When I became disabled, my income dropped by 75%. I cut expenses. Plain pasta with a sprinkle of grated cheese became my daily meal. Clothing is rarely purchased, and only if my clothing is falling apart, and replacements can be found at deeply discounted prices. My home is kept dim to cut electric costs, with the drapes close because open drapes let out the air conditioning, or heat. I stopped going anywhere other than to the doctor; pharmacy; and grocery store because of transportation, and other, costs. I sensibly adapted to the loss of income, but at some point I went from adapting to inertia. I settled.

Enjoying meals was a distant memory. Eating became an annoying chore. My standard of dress became "street legal", i.e. I was suitably covered, without regard to my appearance. I memorized the layout of my home, but never looked at it, because the light was too dim to see it. I no longer had enriching, fun experiences. Living life became a vague memory that would sometimes surface in a dream. Existing became all encompassing.

Little things began to wake me up from my day to day existence. I realized I had blinders on to the possibility of other inexpensive food stuffs. I noticed that I would throw on any clothing, of any color and pattern, as long as I was covered up. Anyone who stopped by my home would say the same thing, "Why is it so dark in here?" I realized that while I had made necessary changes, I had forgotten to keep going, to keep living. It was worse than being in a rut, because I didn't see my life as being monotonous and static. The inertia was a blanket that seemed to keep me warm, but was actually smothering me.

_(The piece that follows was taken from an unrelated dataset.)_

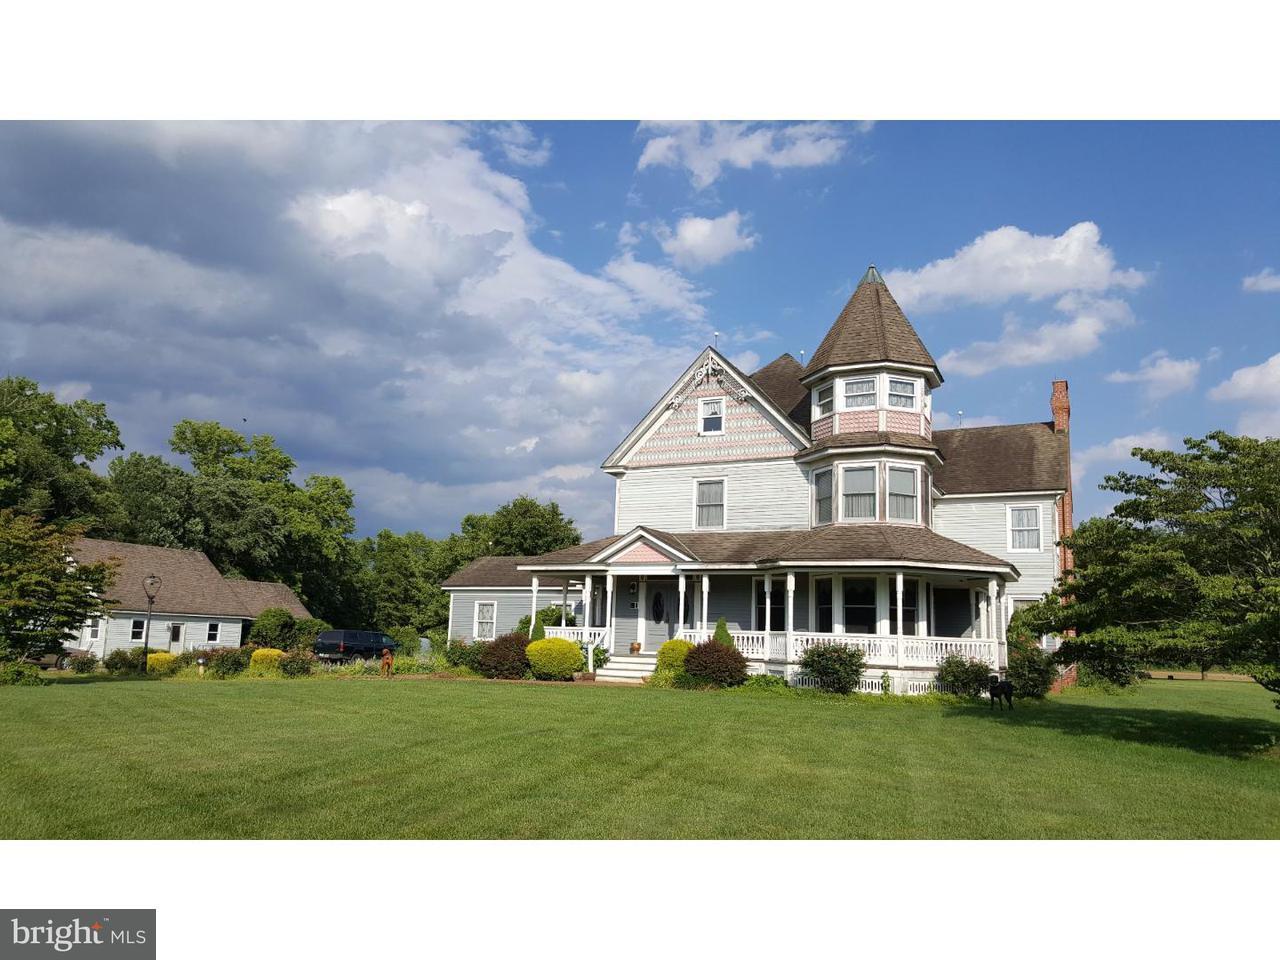 Maison unifamiliale pour l Vente à 380 PINE TAVERN Road Monroeville, New Jersey 08343 États-Unis

When I truly looked at what my life had become, I was surprised. I had lost more than my income and my physical well being. I had lost myself. Overcoming inertia is difficult when one knows what needs to be done. Overcoming inertia while having no clue what needs to be done is baffling and frustrating. I do things to get back to living, so far with limited success. I used to think I was re-building my life. Now, I understand that I am building myself a new life, from scratch. The life plan I had before becoming disabled is no longer workable.
I'm feeling my way through a maze, and I frequently arrive at dead ends. But, I keep going because I don't want to adapt to existing. I don't want to settle. I want to get back to living.

Naomi

4 comments:

  1. Your writing is beautiful!!! All that matters is that you saw where your life was going and you have now chosen a different path. I hope you can find joy and fun in your life now.


    I found this blog last week on $5 meals and thought you might like it. Good meals can be cheap.

    http://www.5dollardinners.com/


    Hugs,Liz:)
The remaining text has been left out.